Она наступает, когда измучившее нас проклятое солнце наполовину заваливается за лес.
— До скорой встречи, — говорит Вилли, завороженно глядя на стремительно растущую в размерах огненную точку над головами. Она приближается, неотвратимо, фаталистически. От неё не спрятаться, не скрыться, мы пробовали тысячу раз — закапывались в землю, ныряли в ручей, лезли на верхушки деревьев…
— Фогель, Штилике, чтобы вы сдохли! — истерит Клаус. — Сволочи, гады, ублюдки, ненавижу вас!
Огненная точка разрастается в шар. Он проламывает оболочку капсулы и взрывается, разом превратив нашу тихую обитель в яростный ад. Земля вздымается на дыбы и рассыпается насыщенным обломками и осколками огненным валом. Он разворачивает мне грудь, вспарывает живот, пробивает внутренности. Мне больно, отчаянно больно. Я умираю.
Цикл 284
Как всегда, прихожу в себя последним. Так случилось в то злосчастное утро, в позднем августе сорок третьего, так происходит всякий раз и поныне. Выбираюсь из землянки. Вилли с Клаусом уже снаружи, пялятся на зависшее над восточным горизонтом солнце. Время начало свой отсчёт, свой поганый, пыточный, садистский отсчёт. Оно сжалось, скукожилось, в сотню раз замедлило скорость по сравнению с той, что снаружи. Время капсулы. Наше время — растянувшийся на три месяца мучительный день.

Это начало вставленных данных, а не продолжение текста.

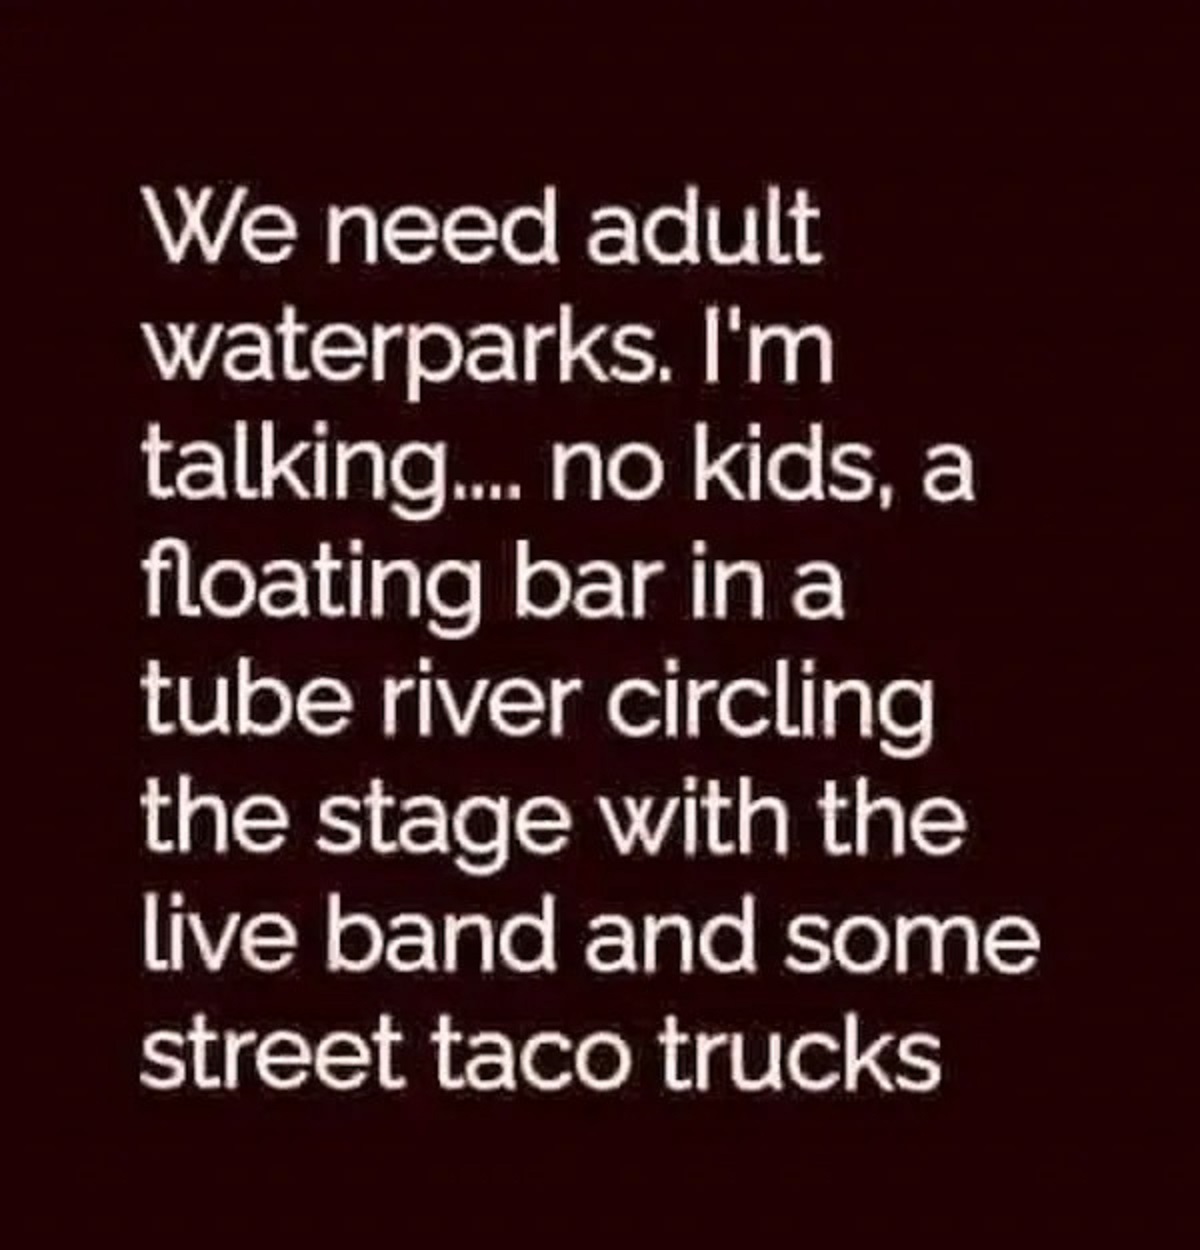 carmine - We need adult waterparks. I'm talking.... no kids, a floating bar in a tube river circling the stage with the live band and some street taco trucks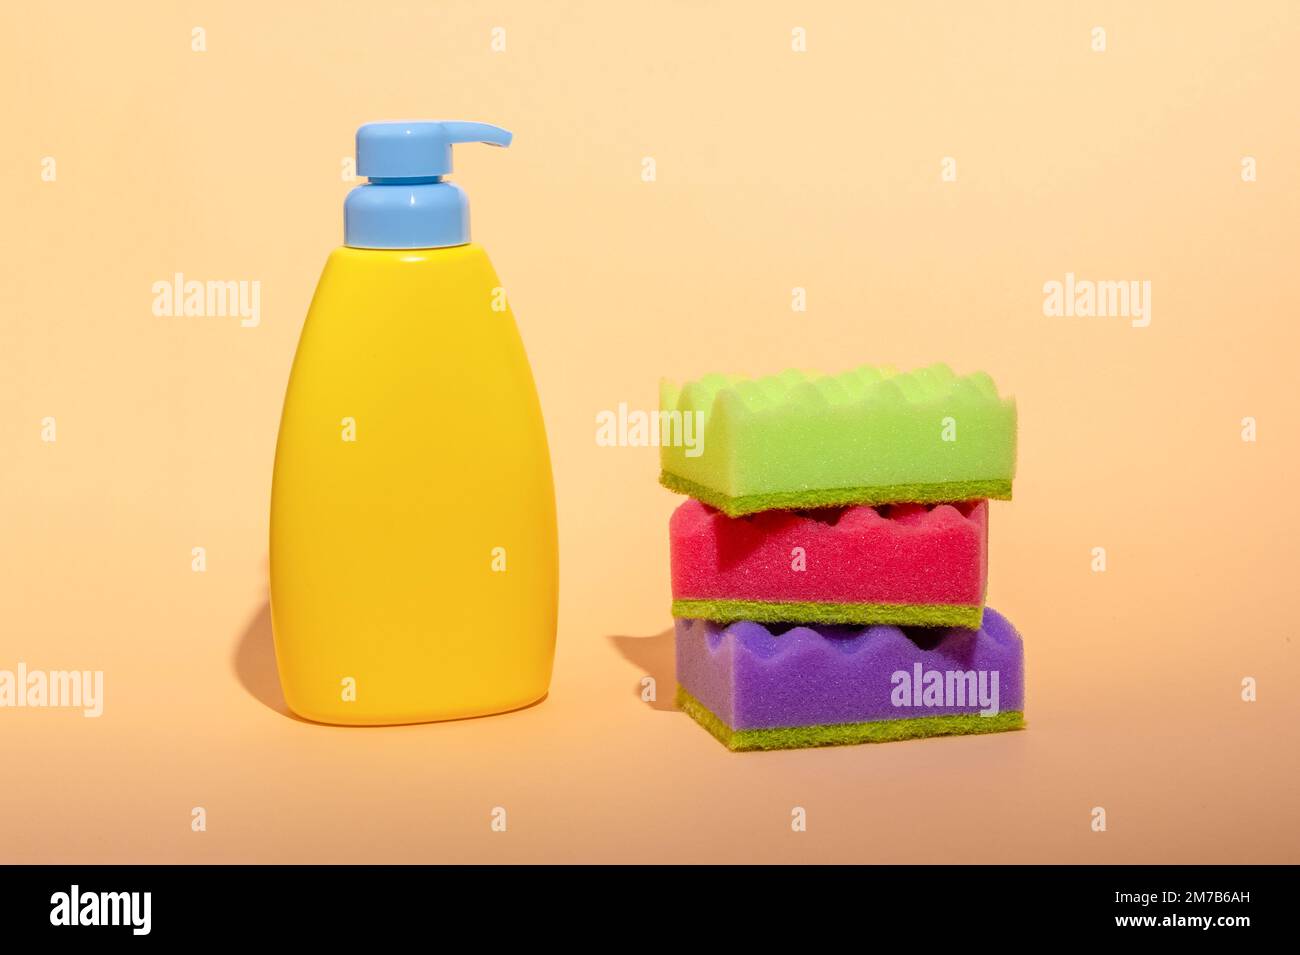 Stack of multi-colored dish wash sponges with bottle of soap on pastel orange background. Household cleaning scrub pad. Home cleaning concept. Stock Photo

— Обрыдло всё, — привычно истерит Клаус. — Как же мне всё остопоганело. Этот лес, гадское солнце, ваши рожи. Почему я не могу умереть? Вы, подонки, вас спрашиваю! Почему я, в рот вам ноги, до сих пор не могу умереть?!

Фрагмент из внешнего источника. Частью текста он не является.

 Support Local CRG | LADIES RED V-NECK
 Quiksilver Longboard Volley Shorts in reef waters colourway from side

Клаус врёт. Больше всего прочего он боится умереть навсегда. Не родиться вновь в душной землянке, а исчезнуть навечно. Мы все боимся этого, боимся отчаянно, хотя и не признаёмся вслух.
— Пошёл ты! — рявкает на Клауса Вилли. — Каждый раз одно и то же. Хочешь, буду стрелять тебя, едва родишься, мозгляк? Хочешь, гнида?
Клаус испуганно затихает. Он не хочет. Хотя и знает, что Вилли не станет стрелять. Мы ненавидим друг друга, давно и надёжно. Но мы — три части единого целого. И так привыкли, притерпелись, прикипели друг к другу, что преждевременная смерть одного двум остальным доставляет пускай не горе, но искреннее сожаление. Будто потерял раньше срока что-то, без чего нелегко обойтись.
— Хайль Гитлер, уроды, — приветствую я обоих. — Рад, что вы снова здесь.
Пузатый Вилли кривит мучнистые дряблые губы. Век бы не видать его рожу.
— Здравствуй, Георг, — отвечает он. — Пошёл бы ты в жопу со своим Гитлером.
Пережившего нас на пару наружных лет фюрера мы ненавидим не меньше, чем друг друга. Это из-за него, психопата и садиста, мы стали тем, что есть. Это он, гад, загнал нас в проклятую капсулу и оставил в ней подыхать. Это его заботами окочурились сотни тысяч немецких парней. Только вот нам троим повезло. Или не повезло, в зависимости, как посмотреть. Вместо чтоб один раз сдохнуть за фюрера и фатерланд, мы издыхаем раз в три месяца невесть за что.
— В жопу так в жопу, — соглашаюсь я и отправляюсь в лес за жратвой.
Жратвы нам отмерено, словно кот нагадил. Это сейчас, когда научились жить впроголодь, нам хватает её протянуть до конца цикла, даже если в капсулу не заявится гость. Зато раньше… Меня передёргивает, стоит вспомнить, как стрелялся за месяц до срока, потому что мучительные спазмы в желудке не было никаких сил терпеть.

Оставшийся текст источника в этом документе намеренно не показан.